### Assigned task
Give the listing again word for word. Leave every image out.

### Given data
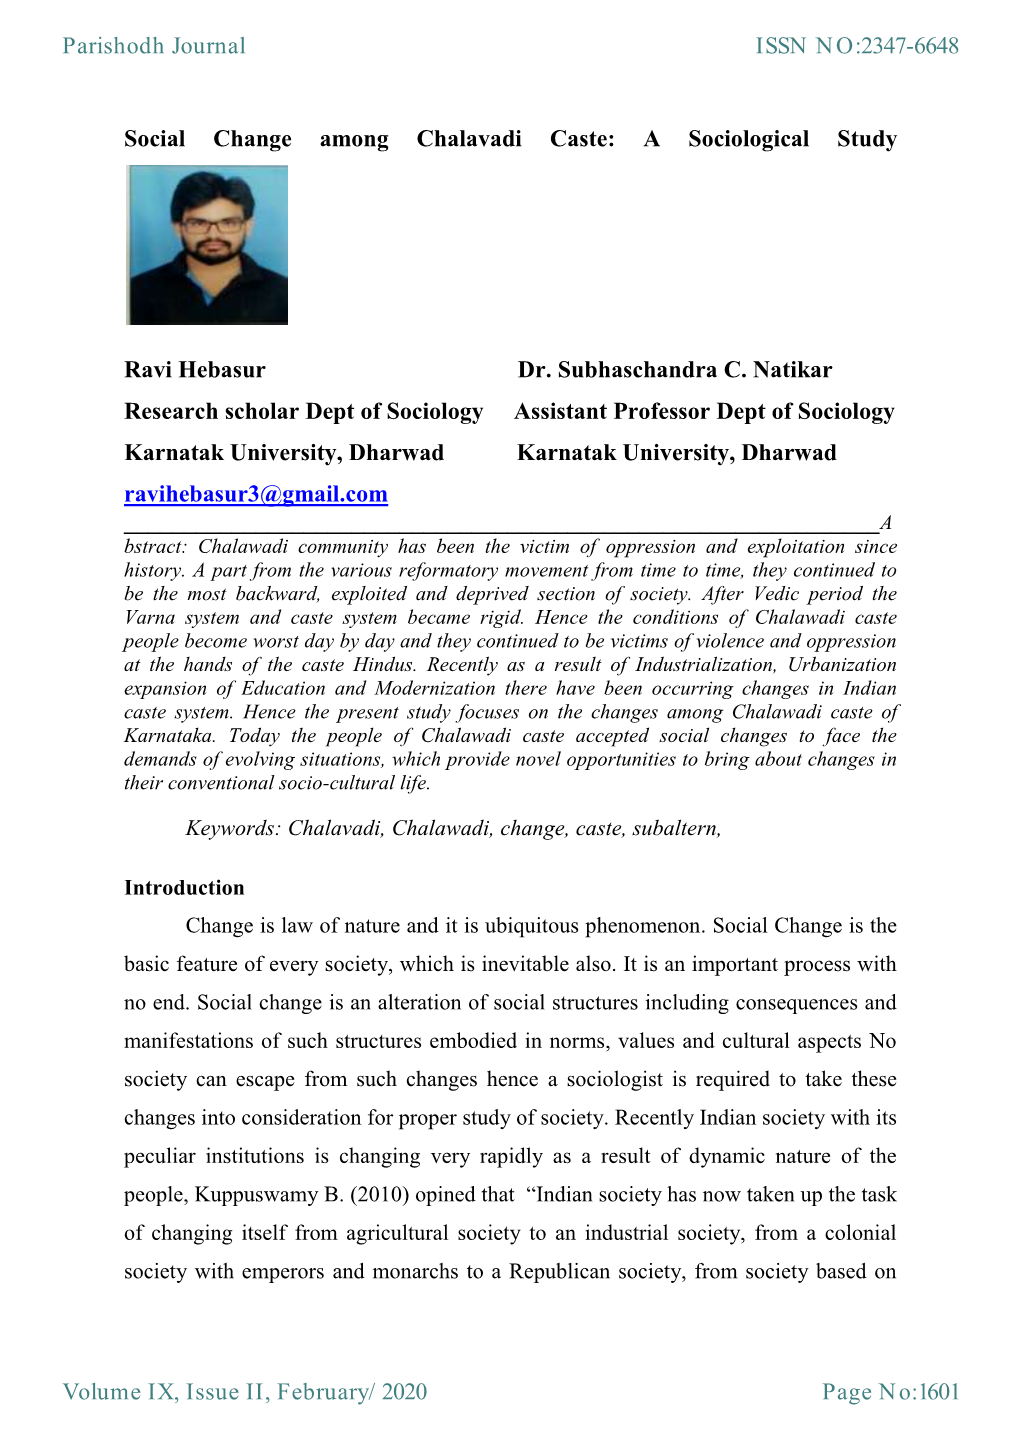 Social Change Among Chalavadi Caste: a Sociological Study
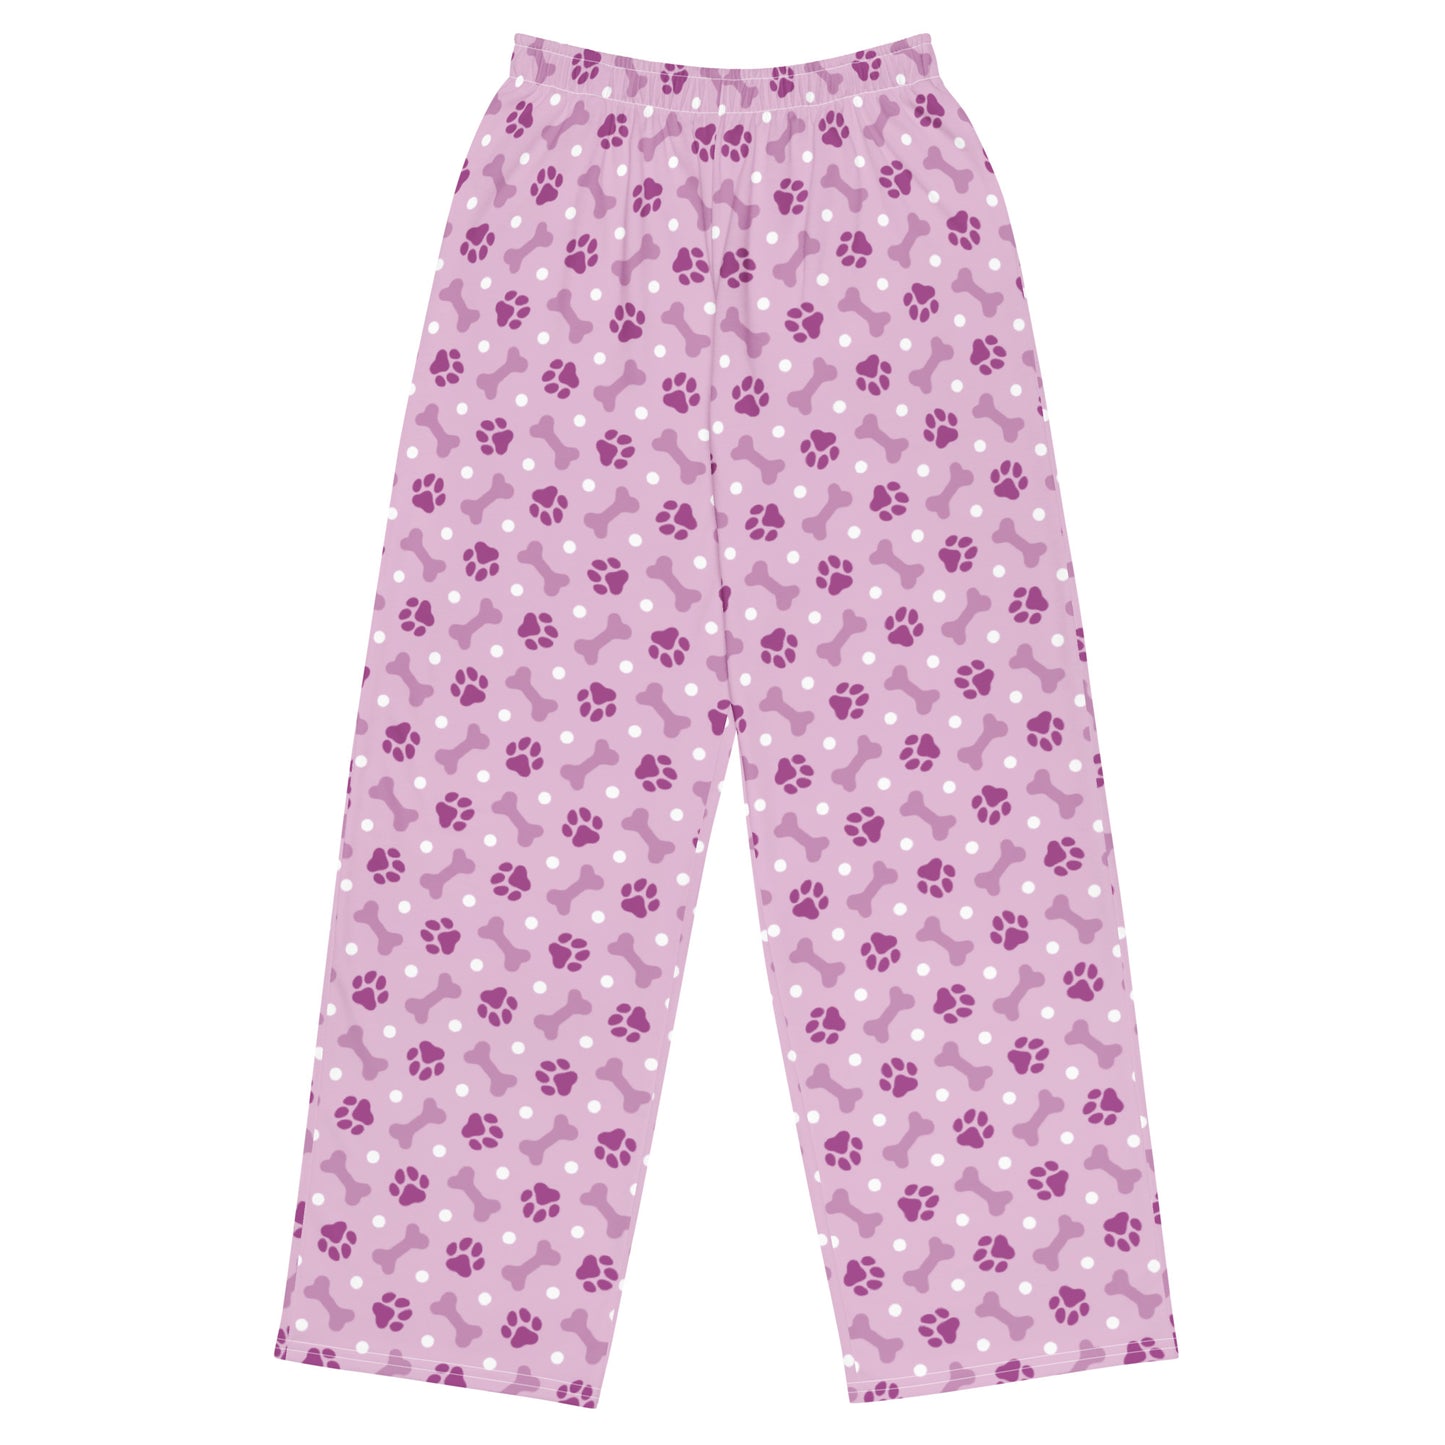 Paws & Bone Print Super Soft Wide-leg Pajama/Sweats Bottoms
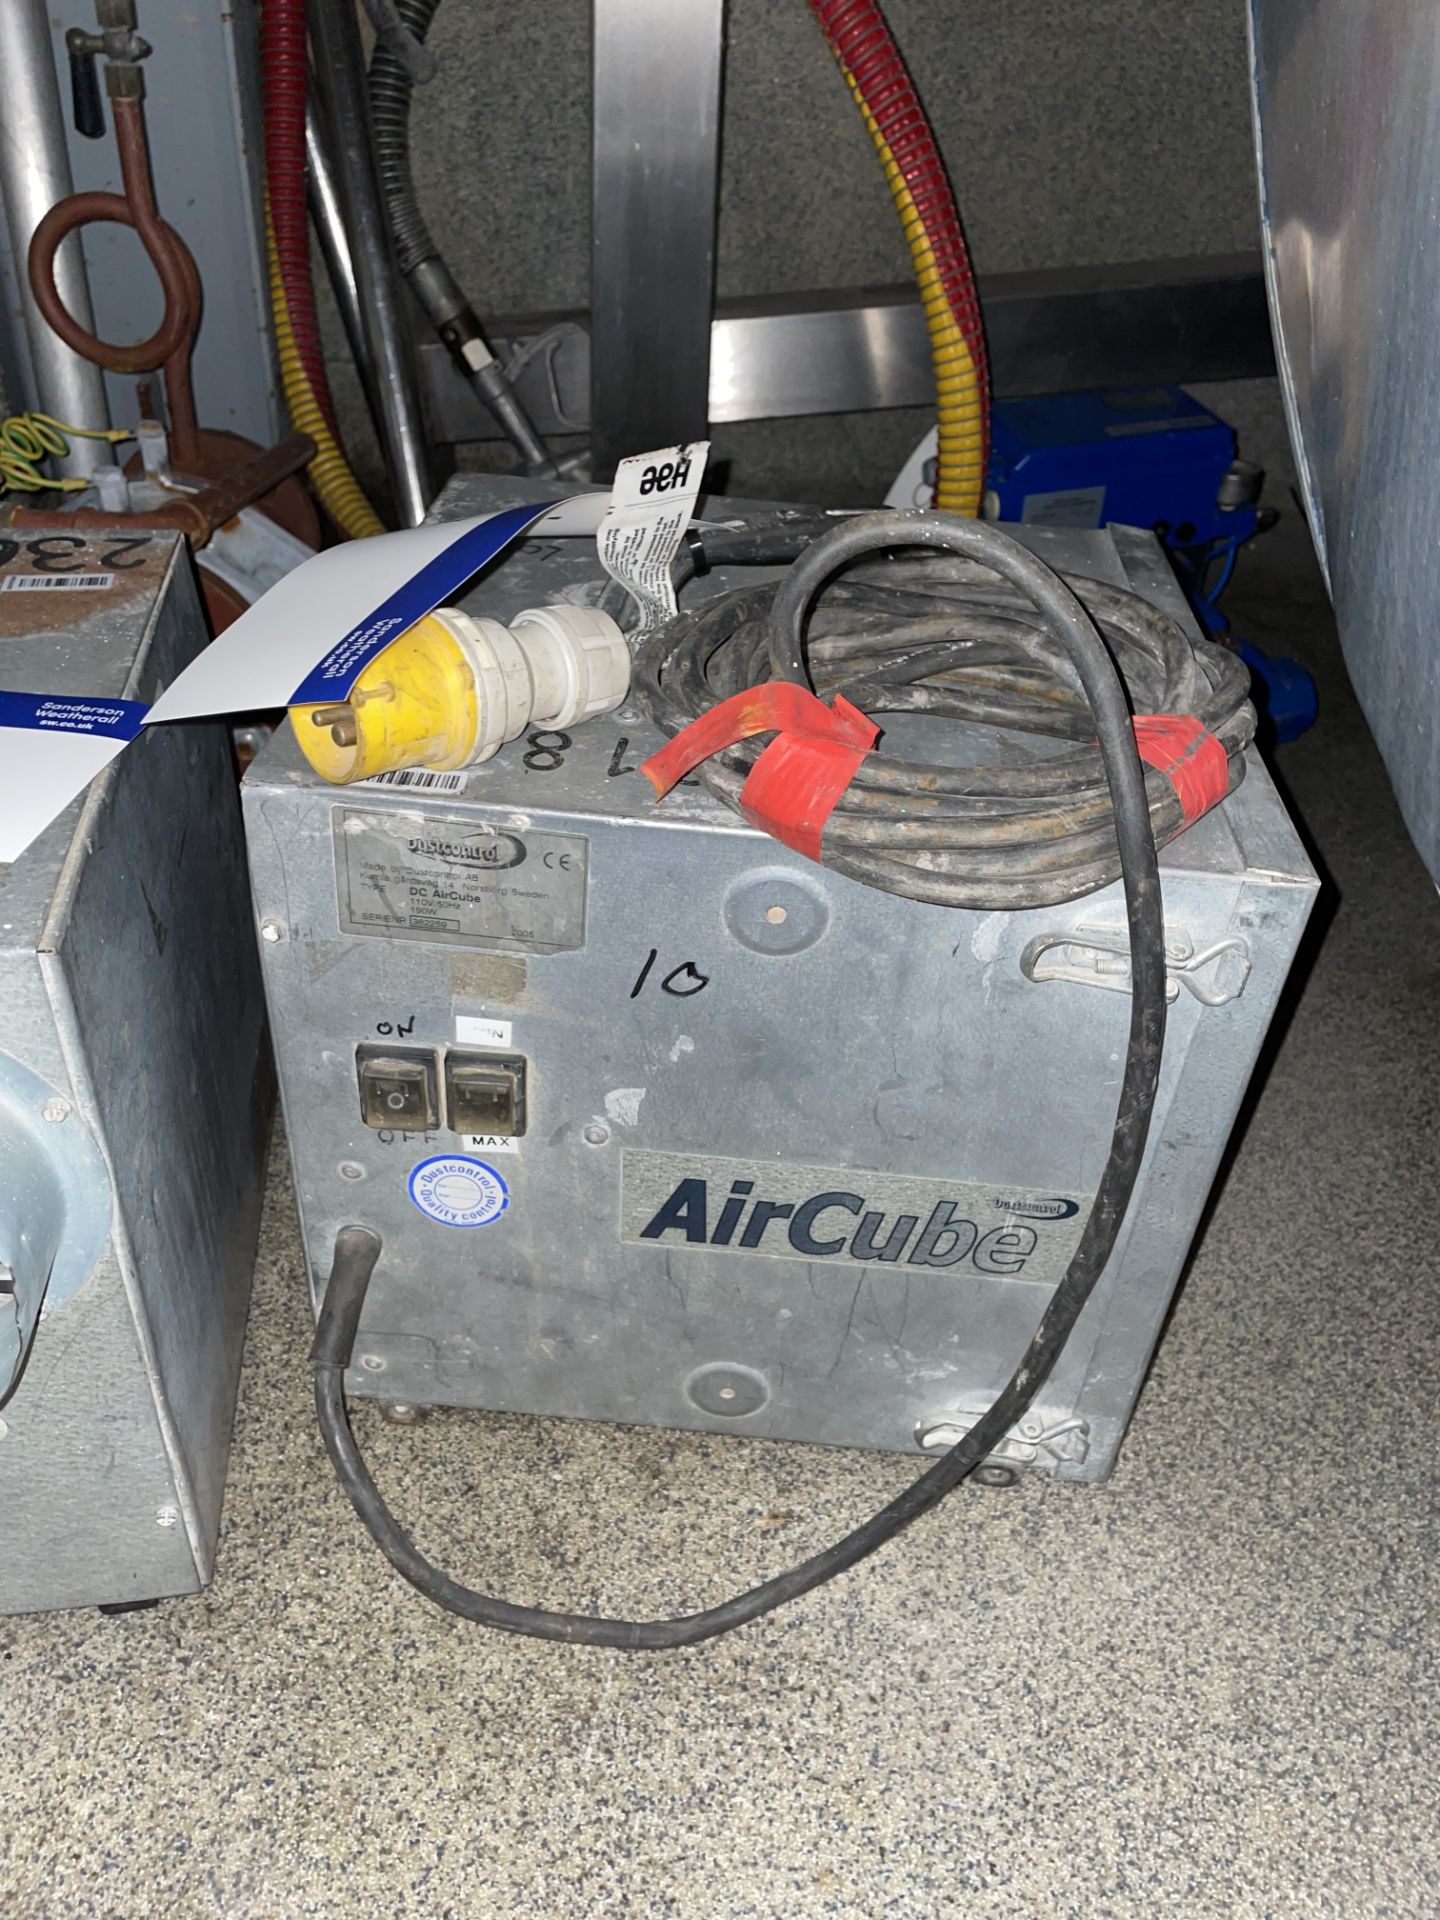 Dustcontrol DC AirCube Air Cleaner, serial no. 382

### Task response
 Social Change Among Chalavadi Caste: a Sociological Study
 Paws & Bone Print Super Soft Wide-leg Pajama/Sweats Bottoms
 Dustcontrol DC AirCube Air Cleaner, serial no. 382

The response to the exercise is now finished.